Clinical Trials of Human Embryonic Stem Cells Expand

We are seeing the era of full clinical evaluation of stem cell therapies unfold. This week brings an announcement by Advanced Cell Technology in California that the FDA has approved two more clinical trials using human embryonic stem cells (hESC) for retinal transplantation in patients with severe opthamalogic disease. In the laboratory, the stem cells were differentiated into retinal cells. The cells are transplanted, and these initial infusions will asses safety and tolerability of the cells in these individuals. The first FDA-approved clinical trial of hESC was announced last fall by Geron in which the stem cells were differentiated into neuronal cells and transplanted into patients with spinal cord injury, in an attempt to restore motor activity and induce nerve repair. The clinical trials began with the FDA approval of the Geron trial in January, 2009, just after the start of the Obama administration, which had vowed to lift the Bush-era restrictions on research into hESC. An Executive Order was issued in March, 2009, which did exactly that, unambiguously:

For the past 8 years, the authority of the Department of Health and Human Services, including the National Institutes of Health (NIH), to fund and conduct human embryonic stem cell research has been limited by Presidential actions.
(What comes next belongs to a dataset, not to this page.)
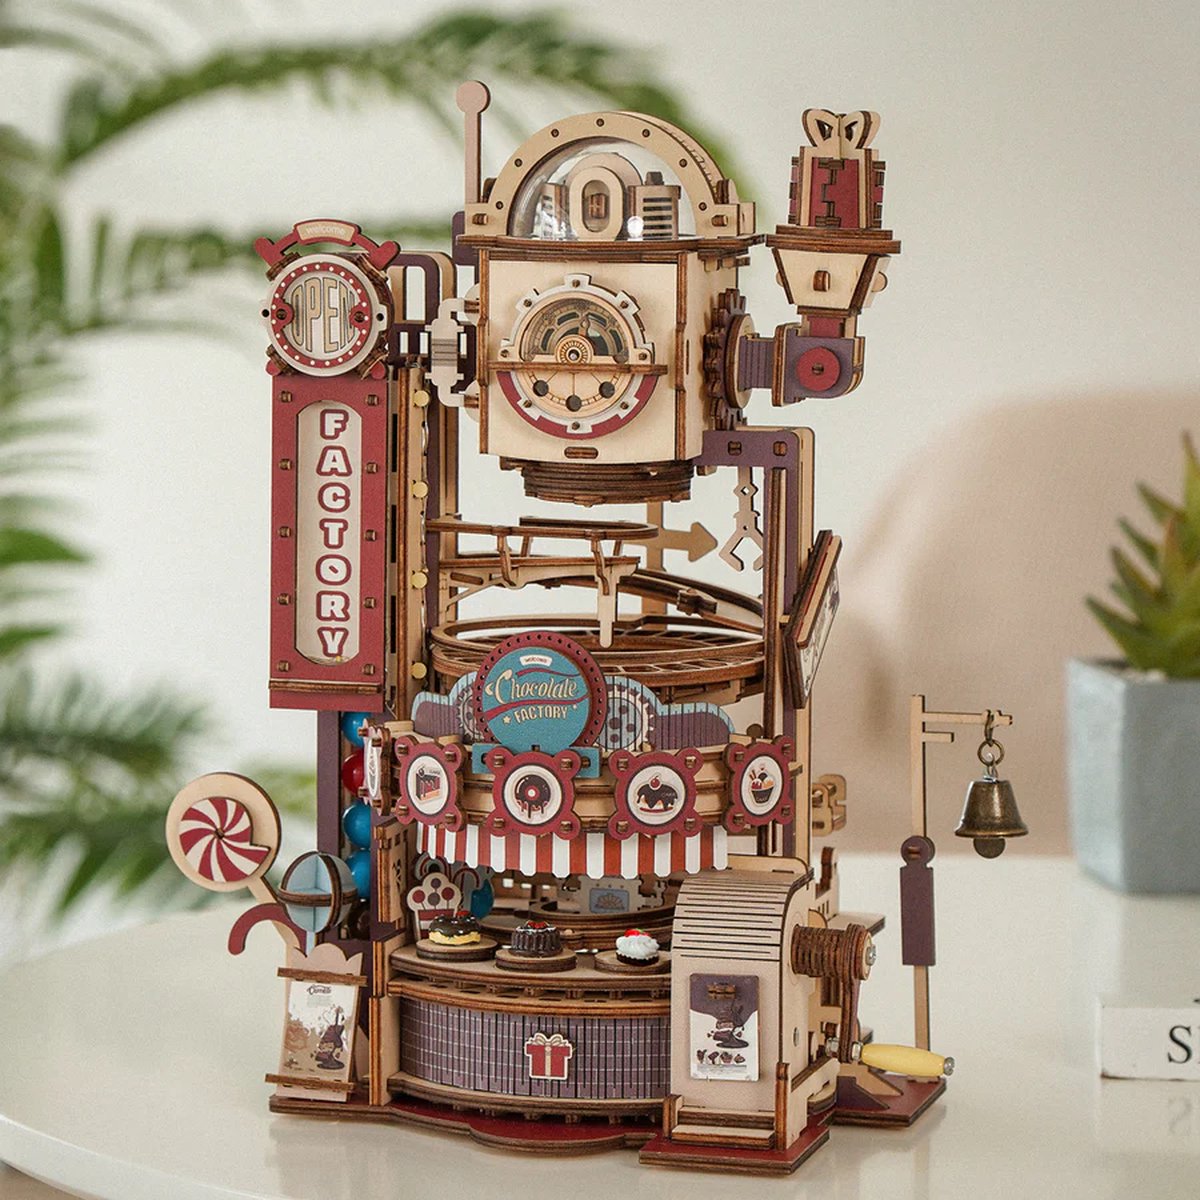 Robotime - Chocolate Factory Marble Run - Chocoladefabriek - Knikkerbaan - Houten modelbouw - Modelbouw - DIY - Hout 3D puzzel - Vrije tijd - Educatief - Ontspanning - Tot rust komen - Houten puzzel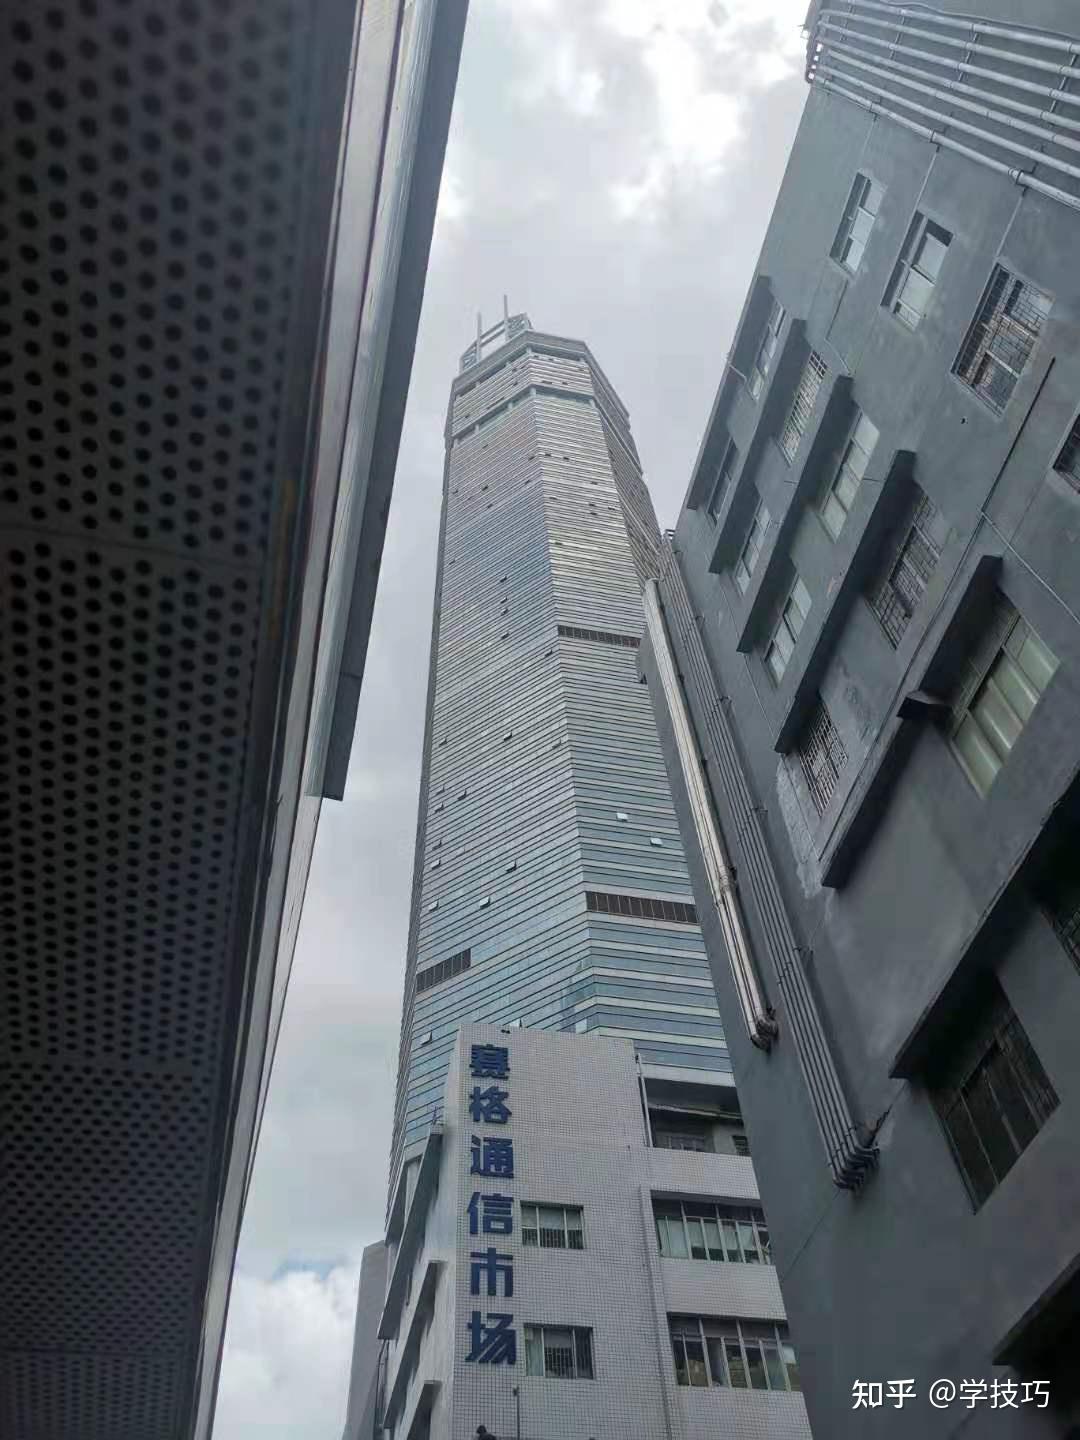 518日中午深圳赛格广场大楼晃动有哪些方面需要我们注意到的

The purpose of this order is to remove these limitations on scientific inquiry, to expand NIH support for the exploration of human stem cell research, and in so doing to enhance the contribution of America’s scientists to important new discoveries and new therapies for the benefit of humankind.

The full determination of the clinical promise of hESC therapies (or those derived from adult stem cells) will take years. But the field certainly cannot contend with an erratic regulatory climate and unsettled expectations, which is what has happened for nearly a decade.